Badger knows what she’s talking about, having created the infamous Mark Wahlberg and Kate Moss Calvin Klein ads. But a devastating house fire that killed her three young daughters and her parents in December 2011 turned her energies to honoring her children by raising awareness about sexist advertising and its negative effects on young women.

#WomenNotObjects has become a hot topic, with celebrities such as George Takei and Alanis Morissette weighing in along with UN Women, Global Fund for Women, the American Association of University Women and UniteWomen.org.

Avon’s PR team tweeted its support along with UK-based Big Bang Marketing, Havas PR Worldwide and PepsiCo Global Beverage Group President Brad Jakeman.

Since the video was posted on YouTube on January 11, it has been viewed more than 1 million time.

None of the brands called out in the video, including Burger King, Carl’s Jr., Skyy spirits, Ram Truck, Post-It, Tom Ford and Budweiser, have reached out to Badger, which does not surprise her. “Brand participation was not the goal here. It was never an objective of ours,” she said, according to AdAge. “We simply wanted to start a conversation and that is what we consider successful.”

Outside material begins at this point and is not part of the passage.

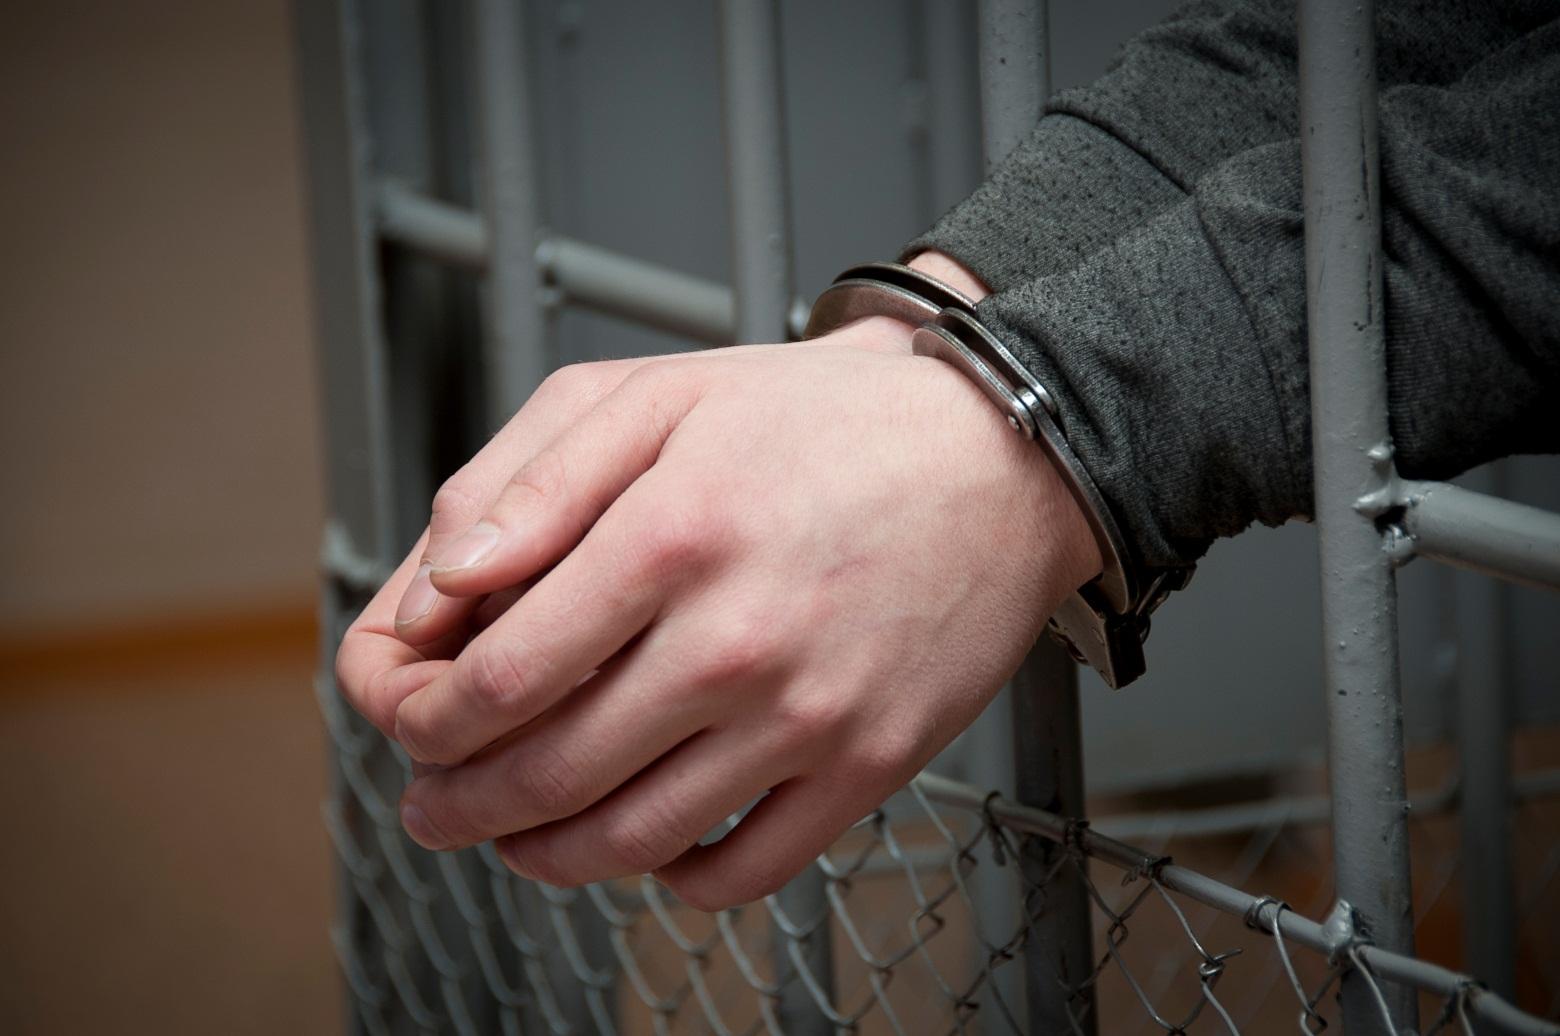 Освобожденным по УДО в РК могут запретить употреблять алкоголь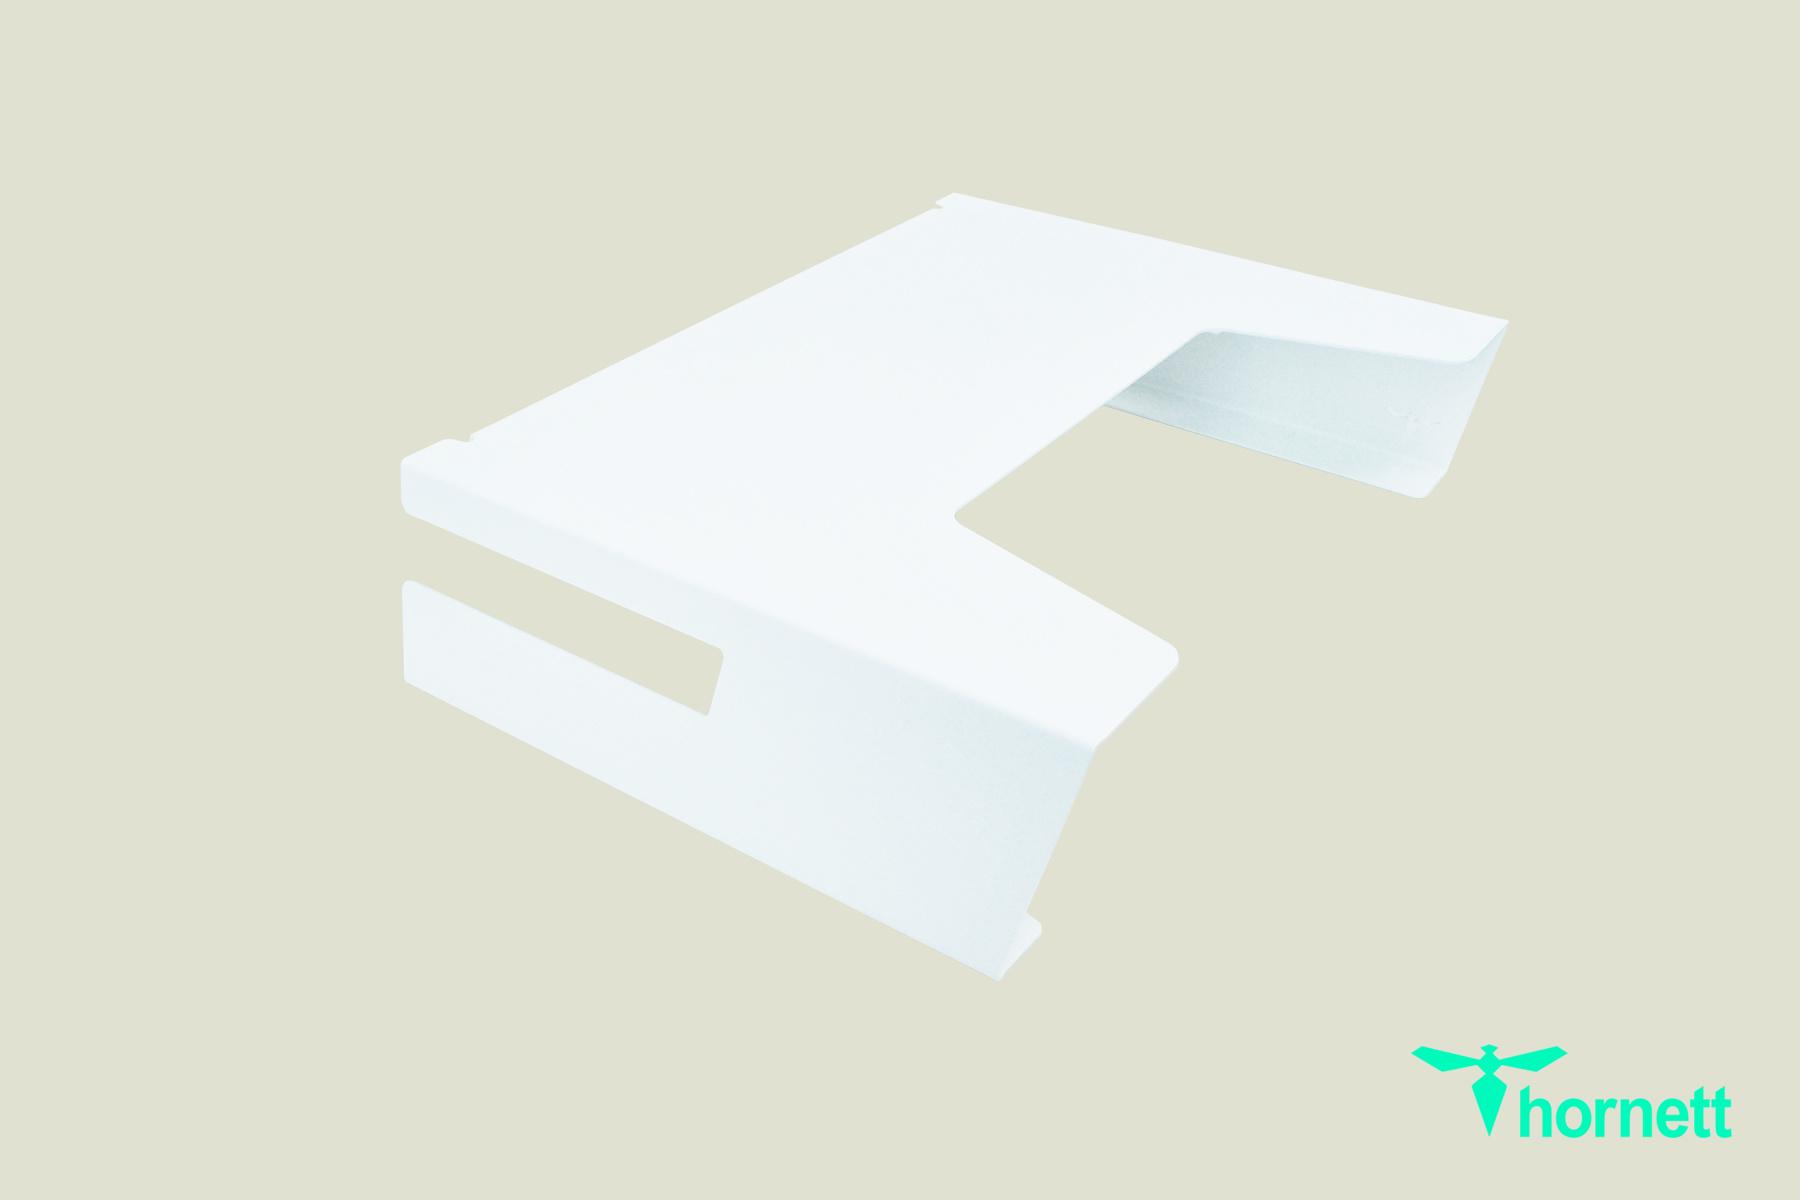 hornett ally tabletop Couchtisch weiß

Clearly—the conversation has begun. “The next step at this point is to continue to support #WomenNotObjects as a community,” said Badger, “and for us to really continue to use our voice to stop this horrible objectification of women in advertising and marketing.”

Badger said her agency, Badger & Winters, will no longer use women as props. “We will never over-retouch to the point that it is unattainable human perfection, and we’re not going to use her body parts.”

“You know what the worst part is?” asked Badger. “The harm we’re doing. That’s really what made me make this decision. People are really seeing that objectifying women is up there with inequality.”

The video ends with this clear message: “Don’t talk to me that way.”